6月8日 今仕込んでおきたい注目の銘柄 |
今日の相場とこれからの見通し
もっとも、その後は短期的な売られ過ぎ感が意識され、押し目買いや自律反発狙いの買いが入り下げ幅を縮小しました。TOPIXの下落率は限定的で、一時はプラス圏に浮上する場面も見られました。プライム市場では値上がり銘柄が全体の7割を超えており、海運、保険、内需関連などには資金が向かいました。これまで相場をけん引してきたAI・半導体関連から、出遅れセクターへの資金シフトが進んでいることを示す一日だったと言えそうです。
為替市場では1ドル=160円手前で推移し、大きな方向感は出ませんでした。円安水準そのものは日本株にとって追い風ですが、今夜発表される米雇用統計を前に積極的なドル買いも円買いも入りにくく、株式市場も様子見姿勢が強まった印象です。
また、足元では中東情勢への警戒も根強く残っています。原油価格は比較的落ち着いているものの、米国とイランを巡る不透明感やオマーンでの原油ターミナル爆発の報道など、地政学リスクは完全には後退していません。さらに韓国市場ではAI関連株主導で大幅調整が進んでおり、これまで世界的に過熱感のあったAI相場に対する警戒感も意識され始めています。その意味では、今回の日経平均の下落も単なる利益確定売りだけではなく、AI関連株の高値警戒感が背景にある調整局面と見ることができそうです。
これからの動きをテクニカル的にみると、日経平均が短期間で大きく下落したことで、目先は自律反発が入りやすい水準に近づいています。本日の安値である6万5800円前後は当面のサポートラインとして意識されるでしょう。一方で、上値は6万8000円台前半が戻り売り圧力の強いゾーンとなりそうです。急ピッチな上昇相場の反動による調整局面であるため、しばらくは値幅の大きい神経質な展開が続く可能性が高いでしょう。

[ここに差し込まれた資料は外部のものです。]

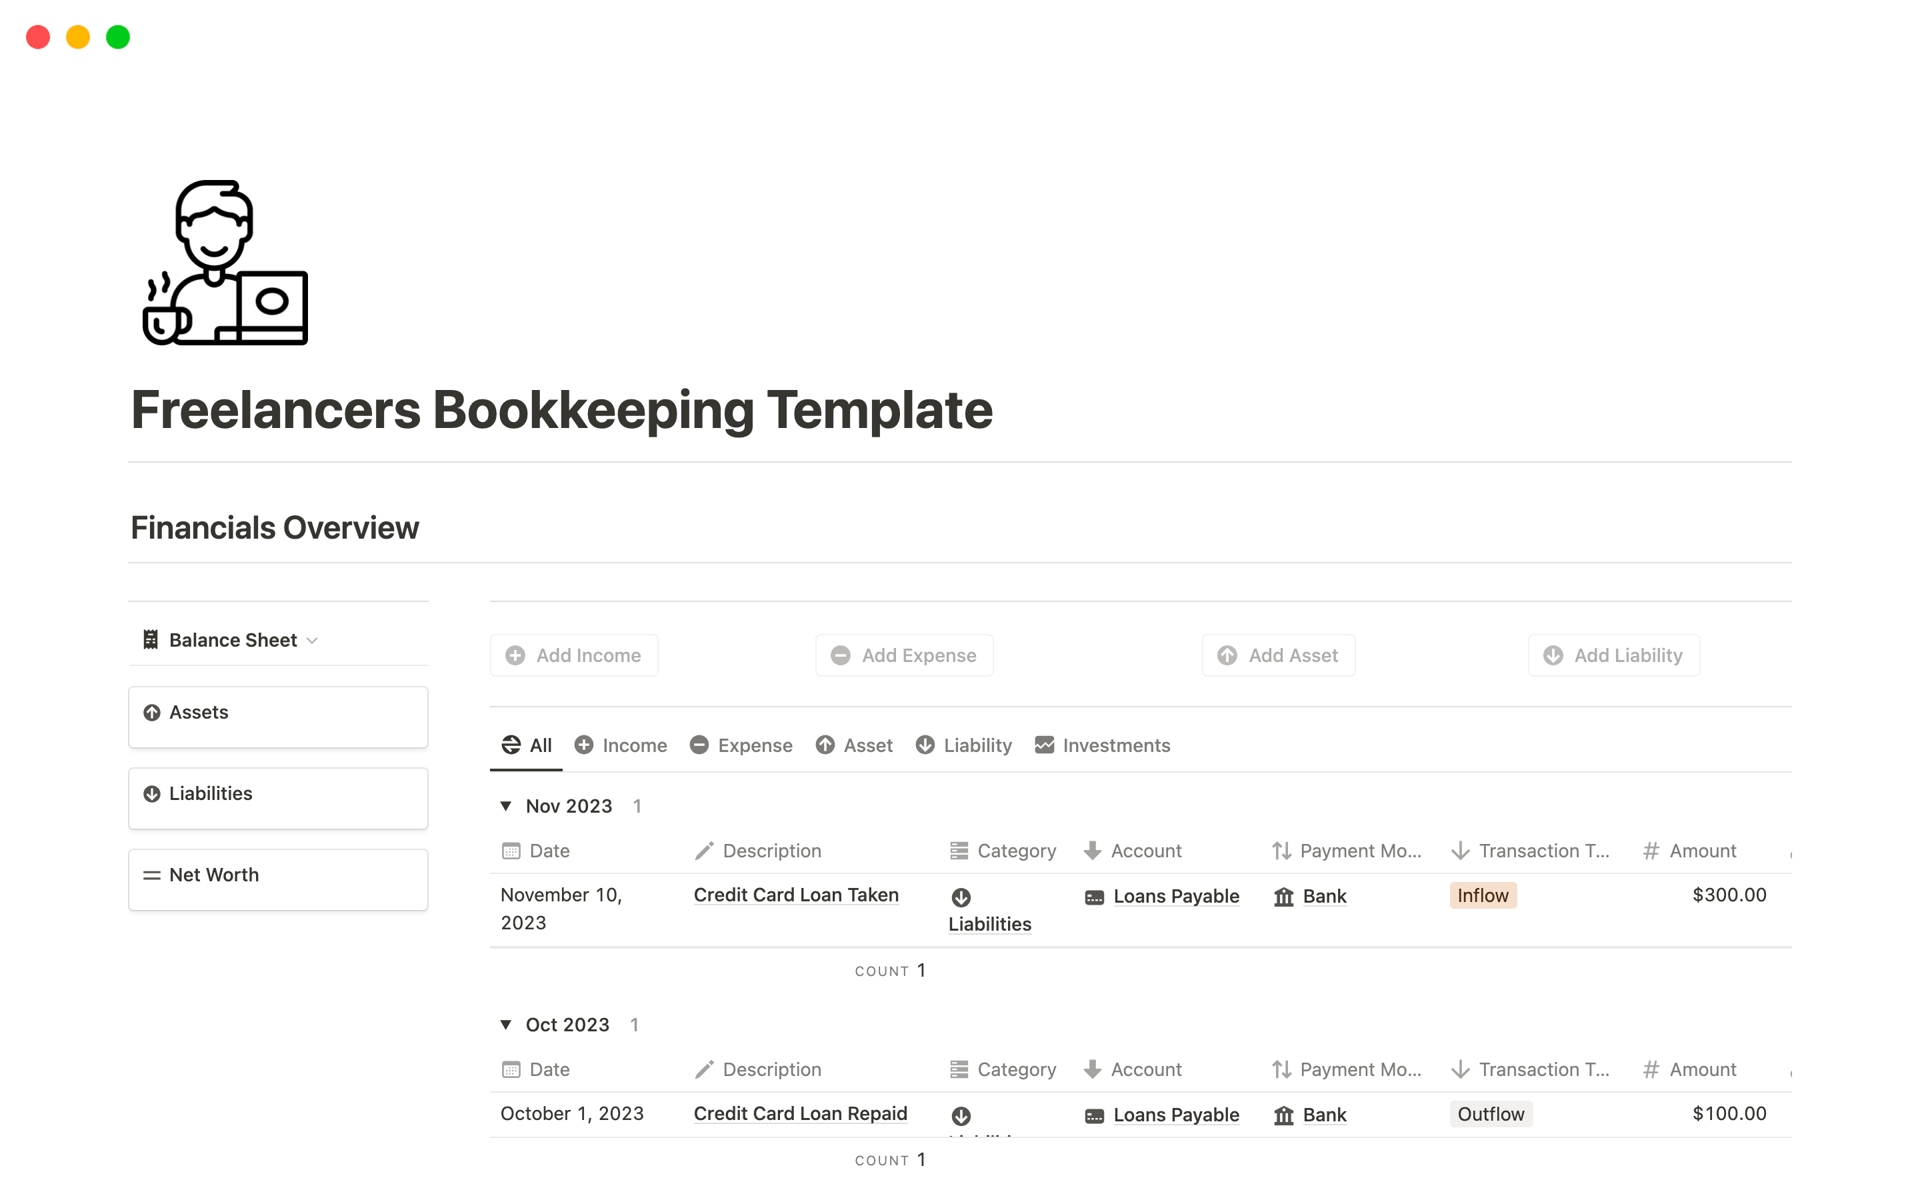 This bookkeeping template provides best solution for freelancers to manage their business finances, produce income statement, balance sheet, cash flow statement and much more on a periodical basis.

ファンダメンタル面では、日本企業の業績環境は依然として良好であり、160円近辺の円安も輸出企業の収益を支える要因です。また米国金利が低下方向に向かえば株式市場にはプラスとなります。ただし、米雇用統計の結果次第では米国の利下げ観測が変動し、ドル円や米ハイテク株が大きく動く可能性があります。加えてAI関連株の調整がどこまで広がるか、中東情勢が悪化しないかも重要な焦点です。
短期的には調整色が残るものの、現時点では強気相場のトレンドが崩れたとは考えにくく、6万5000円台後半から6万6000円台では押し目買い需要も期待できそうです。米雇用統計通過後に市場心理が落ち着けば、日経平均は再び6万8000円台から史上最高値圏を試す展開へ向かうでしょう。